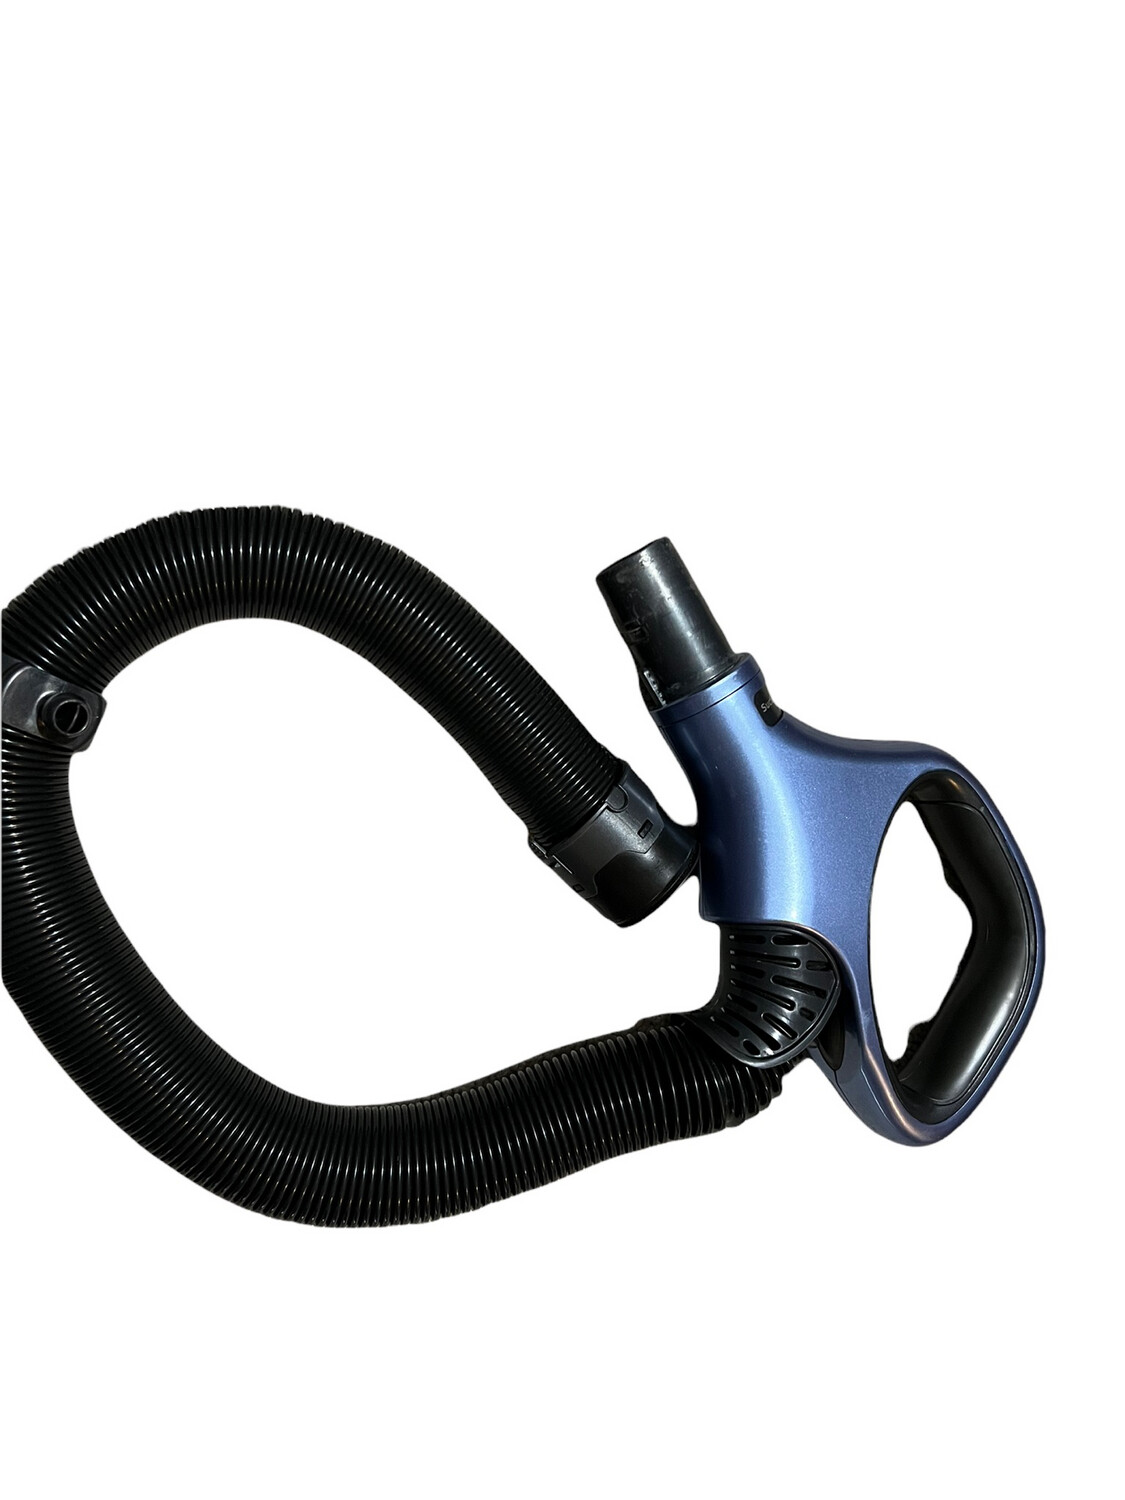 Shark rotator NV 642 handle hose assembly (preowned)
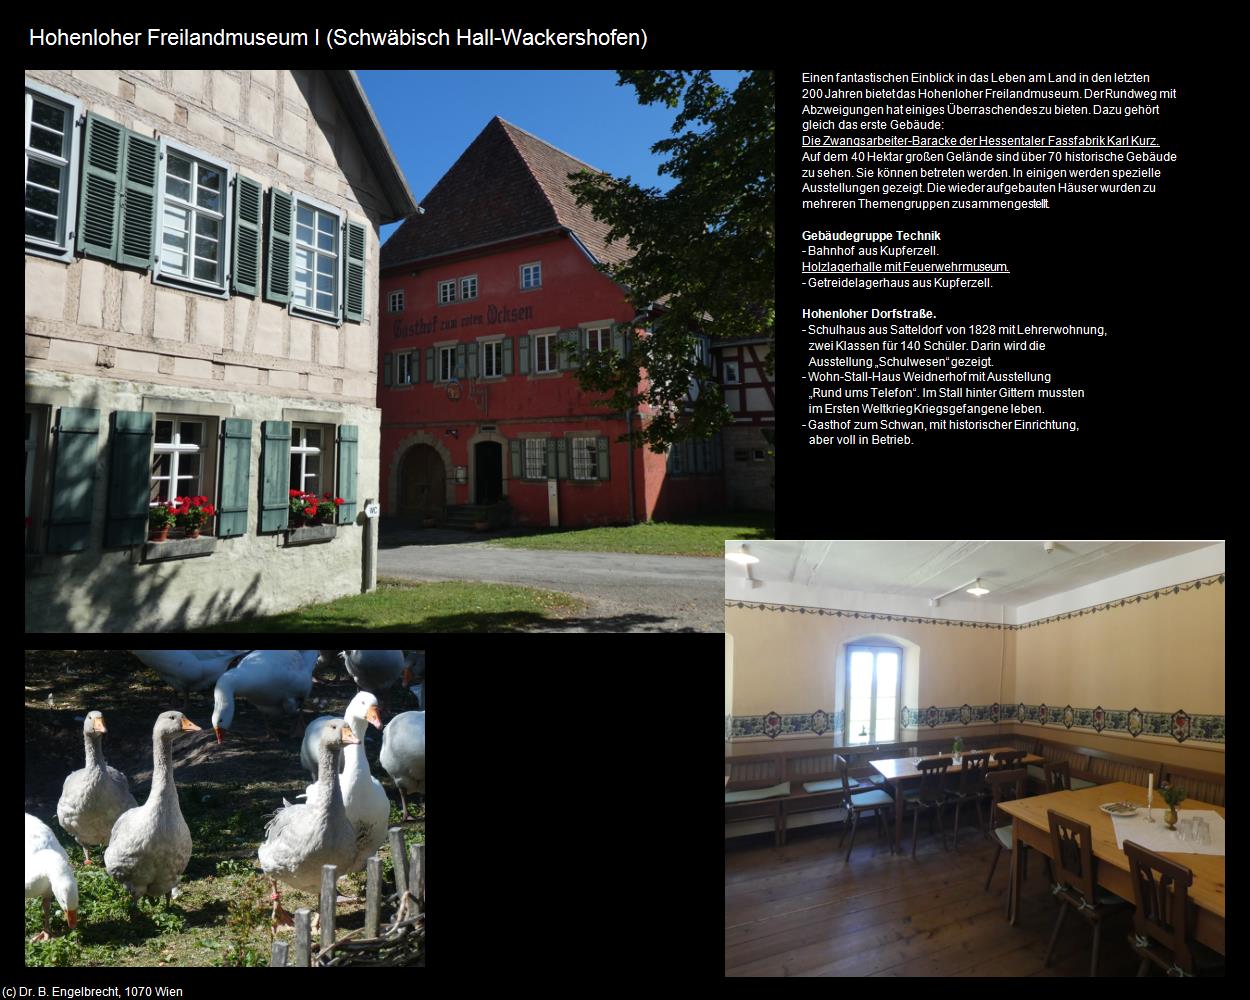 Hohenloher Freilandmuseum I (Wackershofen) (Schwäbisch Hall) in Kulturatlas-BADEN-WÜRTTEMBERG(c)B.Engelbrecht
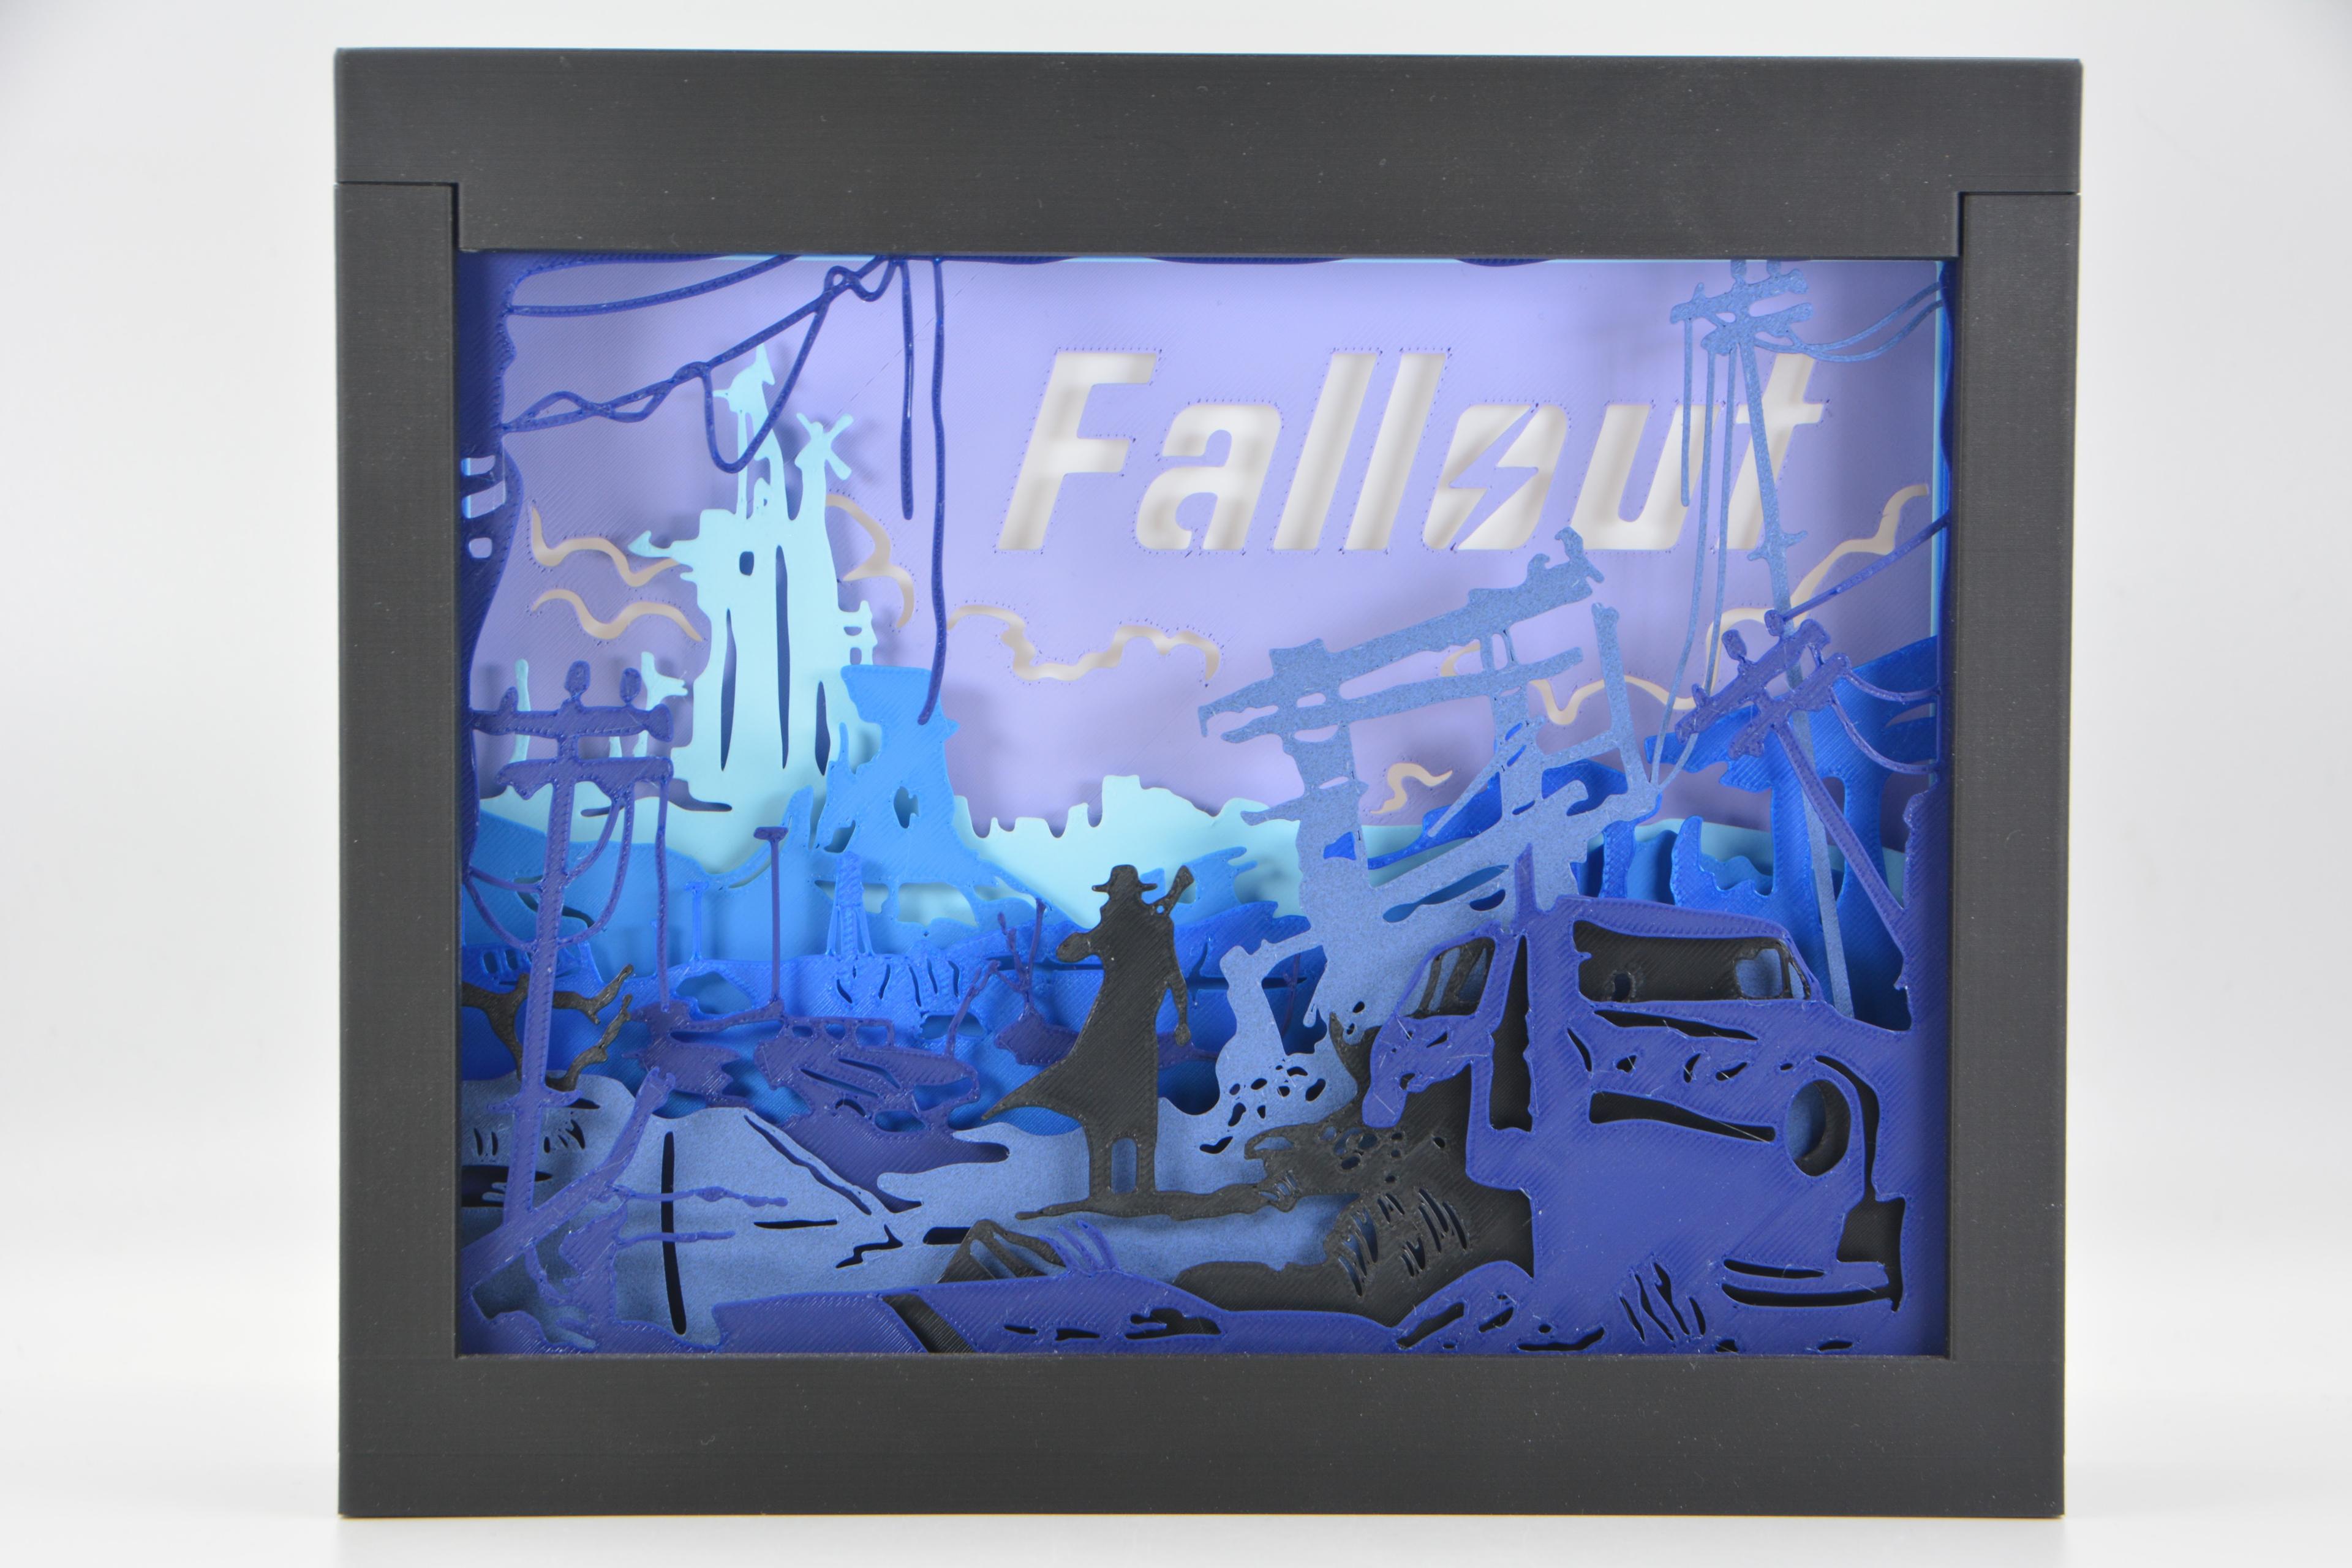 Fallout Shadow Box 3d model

▶ TASK BRIEF
Write out, exactly as they appear, the lines from the one containing "Hohenloher Freilandmuseum I" through the end of the material above, excluding pictures.

▶ EXERCISE RESULT
 Hohenloher Freilandmuseum I (Wackershofen) (Schwäbisch Hall) in Kulturatlas-BADEN-WÜRTTEMBERG(c)B.Engelbrecht
 Fallout Shadow Box 3d model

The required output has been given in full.